Task to complete: Would you transcribe the entries below, beginning at the line with "ЕленаVinogradova. Цветы нашего сада #3" and ending after the line with "بالصور أفضل المحركات", exactly, with no picture and nothing more?

Records for the task:
===============
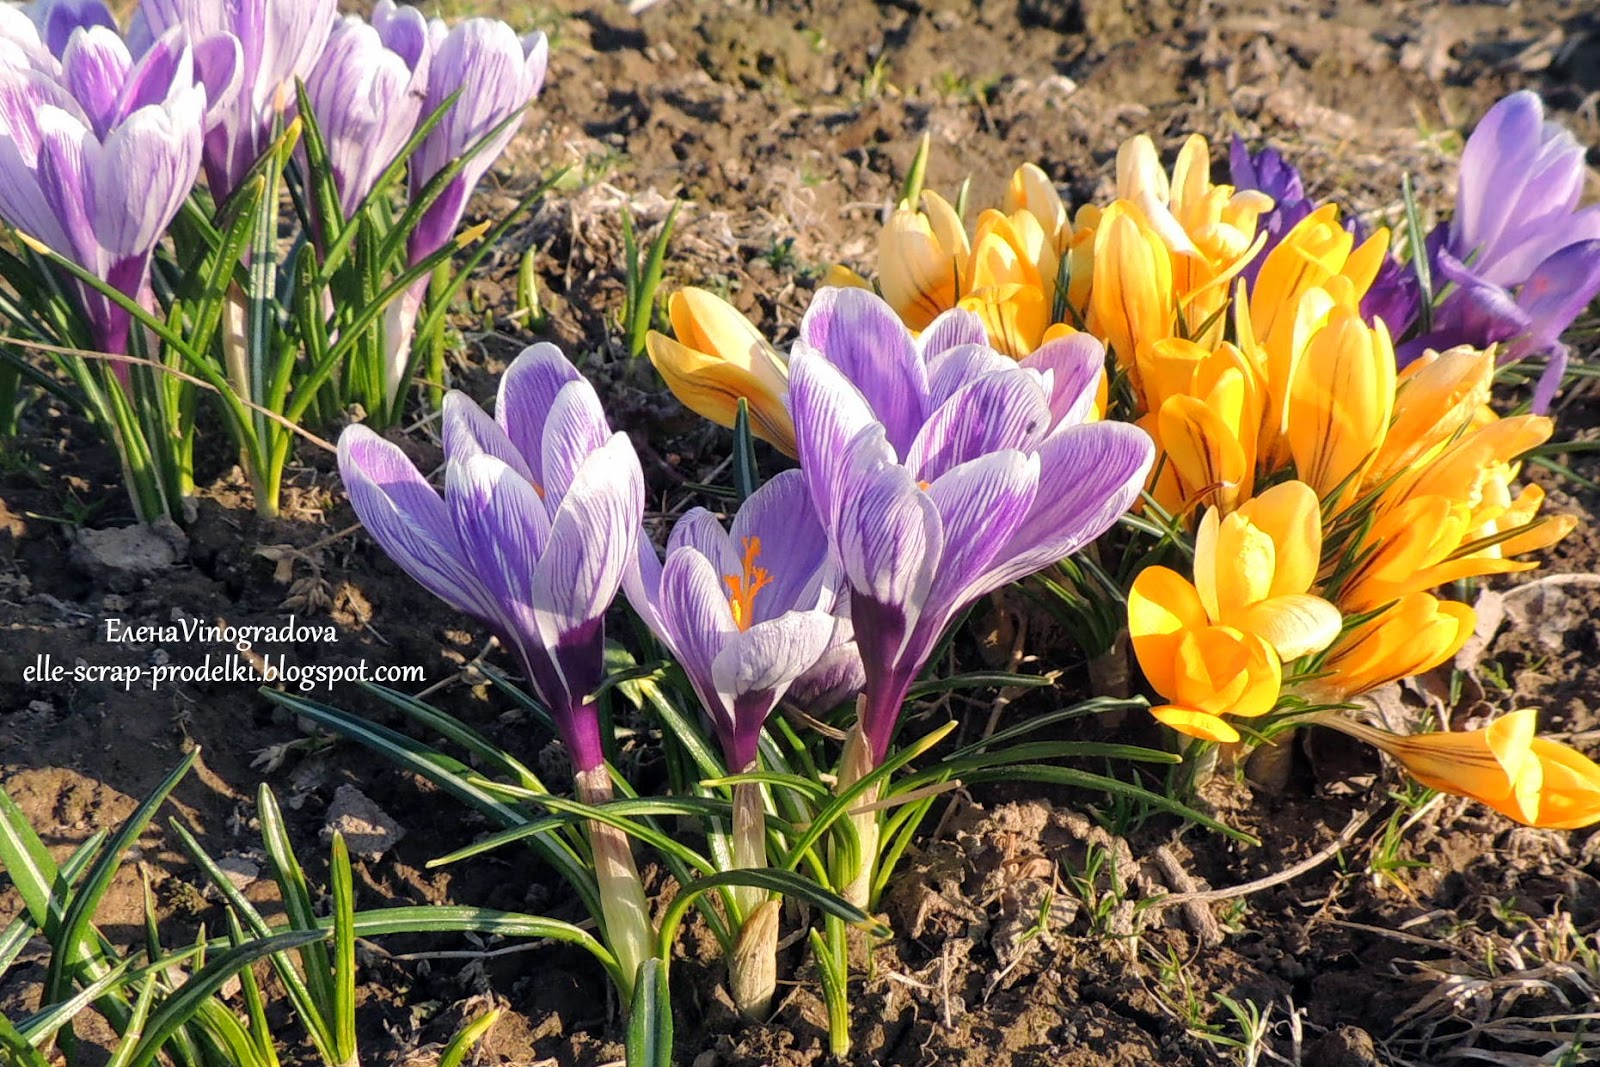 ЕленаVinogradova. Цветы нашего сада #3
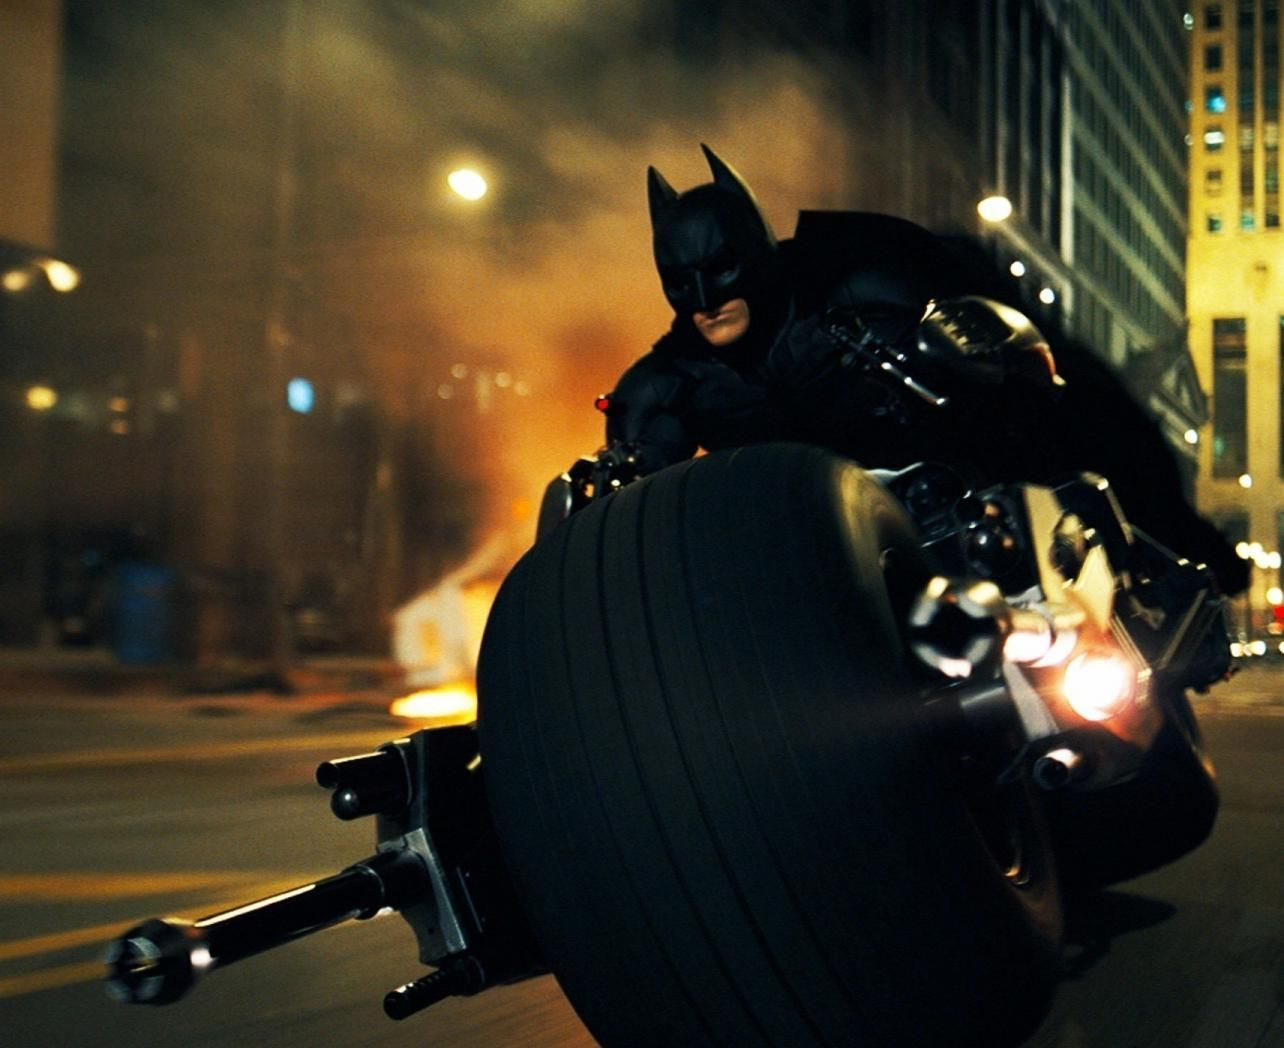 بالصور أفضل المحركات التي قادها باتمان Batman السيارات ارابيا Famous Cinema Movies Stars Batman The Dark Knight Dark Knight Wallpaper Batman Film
===============
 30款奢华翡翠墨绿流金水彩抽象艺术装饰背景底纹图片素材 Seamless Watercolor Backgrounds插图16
===============
Answer box:
 ЕленаVinogradova. Цветы нашего сада #3
 بالصور أفضل المحركات التي قادها باتمان Batman السيارات ارابيا Famous Cinema Movies Stars Batman The Dark Knight Dark Knight Wallpaper Batman Film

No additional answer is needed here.